News & Politics

Enron Prosecutors Get Nice Payday

When the Department of Justice went after Houston-based Enron, three of the biggest players in the case were assistant attorney general Alice Fisher, Enron Task Force director Sean Berkowitz, and Kathryn Ruemmler, deputy director of the task force.

It was Georgetown law grad Ruemmler’s powerful four-hour closing argument that was credited with winning convictions of top executives Kenneth Lay and Jeffrey Skilling.

Now, a little more than two years after the verdicts, all three prosecutors are reaping their rewards—and at the same law firm, Latham & Watkins. Catholic U law graduate Fisher became the last of the three to join Latham, where she had worked earlier under her mentor, future Secretary of Homeland Security Michael Chertoff.

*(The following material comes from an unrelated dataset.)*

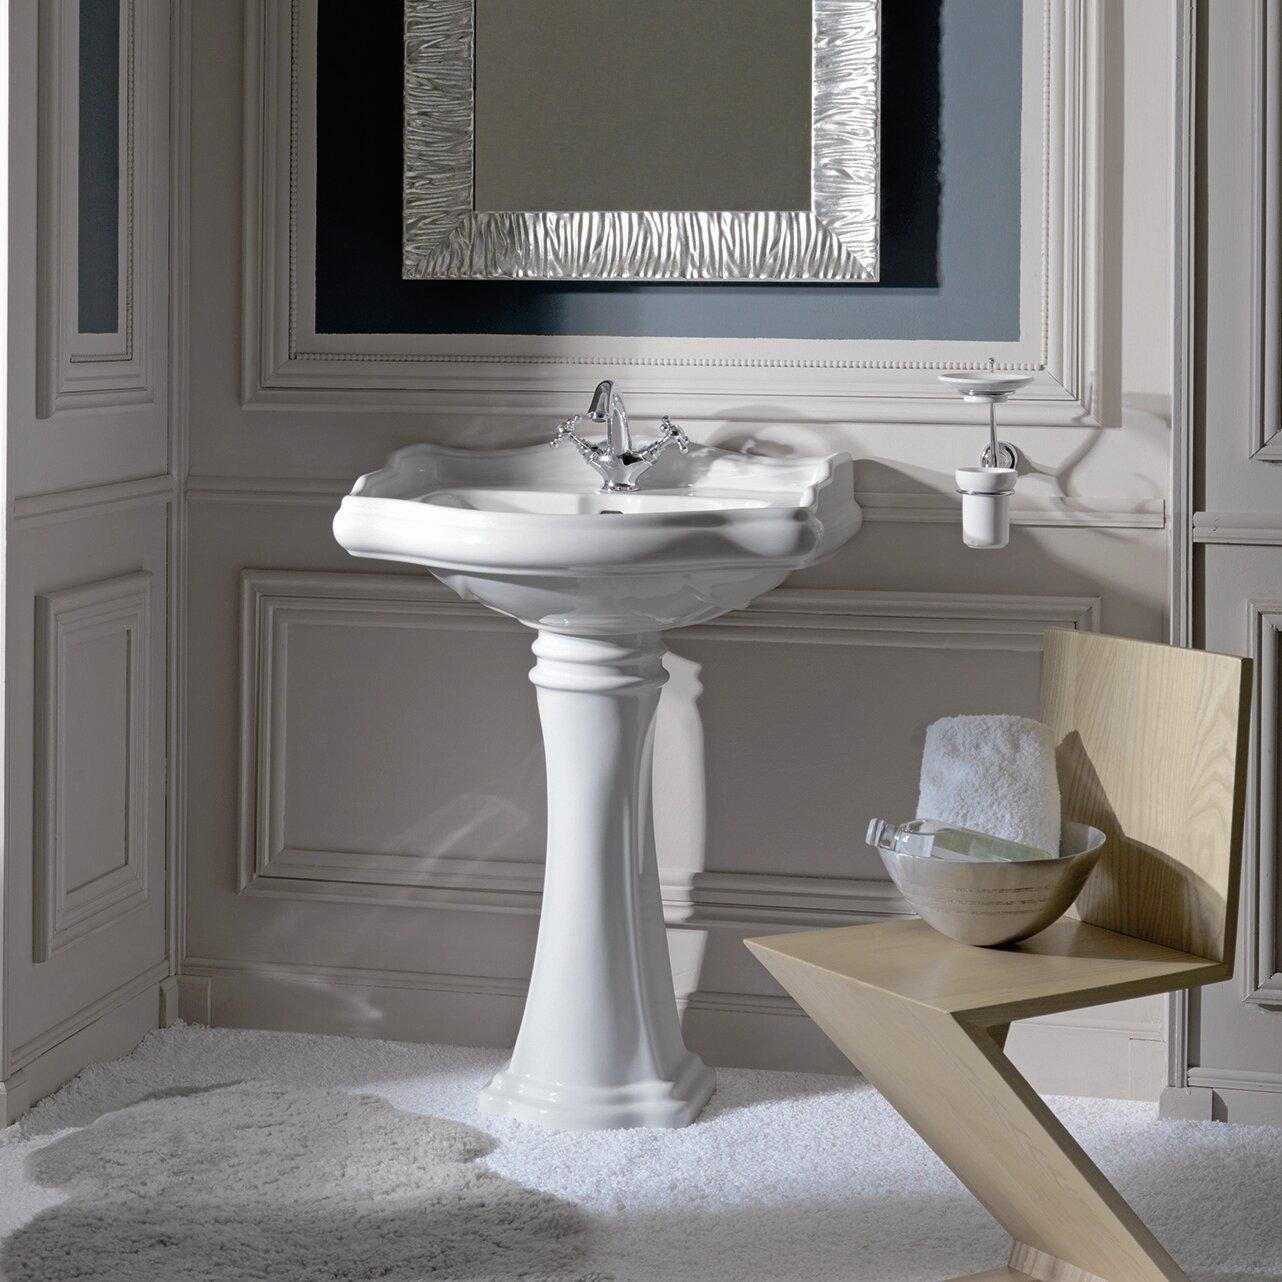 pedestal sinks you'll love   wayfair

At Justice, Fisher, Berkowitz, and Ruemmler, who at the time were all under 40, were making a reasonably handsome $100,000 to $150,000 a year. But the average profit for a partner at Latham & Watkins is $2.2 million.

Fisher’s return to Latham may signal that Chertoff could follow her back there as the Bush administration goes out of business.

More Washington connections: Skilling was represented in the corporate case by Latham’s archrival, O’Melveny & Myers, the firm led by Washington power broker A.B. Culvahouse, who vetted vice presidential selection Sarah Palin for John McCain.